The little V badge appears on Anglias and contemporary Zephyrs. It’s more of a triangle than a V. The center says Ford Motor Company Ltd England. It’s kinda like the Chrysler pentastar makers mark.
It points down towards hell, from whence the driving experience was extracted and installed.
LOL!
To my eye, this style has aged better than that of its successor, the 105e
Sad then that generation of Anglia didn’t have the popularity of the following generation. the 105e, who was a “car star” being featured in tv and movies like Harry Potter.
Not an ugly thing, but still something a bit postwar-rationing-uptight-class-misery about it (yet still rising far above the epitome of such, the so-miserable-its-boot-doesn’t-open contemporary Standard Ten).
Mind, I might be conflating the looks with the driving experience described so well by Will Owens above.
The butterflies are quite safe. You couldn’t keep up with one in a 100E.
They were quite the rage at the drag strips…. probably mostly for the Adrenalin High Created by the huge power planted in a hopelessly under built, under braked and understeered death trap. But they were fun!
One of these was probably the oddest new car purchase my parents ever made. When they got married in mid 1958 they started with a 57 Buick Super or Roadmaster my Dad had bought used and the 53 Chevy sedan my Mom had bought in 1954. Within a year they had an Anglia and a Karmann Ghia.
The Ghia was fondly remembered, but the Anglia was not – by my mother particularly. She always made a face when she said “English Ford.” 🙂 My father spent a lot of time on the road in the Willow Run-Ypsilanti-Detroit corridor then, and I now understand that the highway driving probably killed that car quickly. I never got much info on it, but it would have definitely been a 58 or 59 model. By 1961 both were gone, replaced by a 61 F-85 wagon.
But it sure looked appealing in the advertising. 🙂
Honey, I shrunk the car.
I had a vague memory of you pointing this out, but had forgotten it. Wow; your dad sure went from the extremes of Ford products: Anglia to Mk. IV! Now that’s about as vast a jump in sizes as possible.

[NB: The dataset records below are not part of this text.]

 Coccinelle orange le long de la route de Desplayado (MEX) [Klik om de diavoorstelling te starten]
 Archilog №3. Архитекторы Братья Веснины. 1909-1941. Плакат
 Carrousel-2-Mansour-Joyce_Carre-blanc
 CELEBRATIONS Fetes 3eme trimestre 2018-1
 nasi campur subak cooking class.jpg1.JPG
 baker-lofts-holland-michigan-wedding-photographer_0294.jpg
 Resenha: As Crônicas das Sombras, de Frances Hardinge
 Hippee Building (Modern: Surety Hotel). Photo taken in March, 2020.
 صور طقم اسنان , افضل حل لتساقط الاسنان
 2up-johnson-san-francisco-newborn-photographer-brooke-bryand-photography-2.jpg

They really were perfect examples of the import boom buyers, of the ones that then ditched imports for domestics after 1960. There were a lot of them! Imports had a 11% market share in 1959; by 1961, it was 4.9%
I never saw any of these growing up and don’t recall any of the local Ford dealers carrying them. OTOH, there were lots of Opels (sold by Buick dealers) and a fair number of Vauxhalls (sold by Pontiac dealers). I recall seeing an article about a Ford Squire of this vintage whose owner lived in New England. Supposedly it had a metal plate on the dashboard advising the driver not to exceed 45 mph.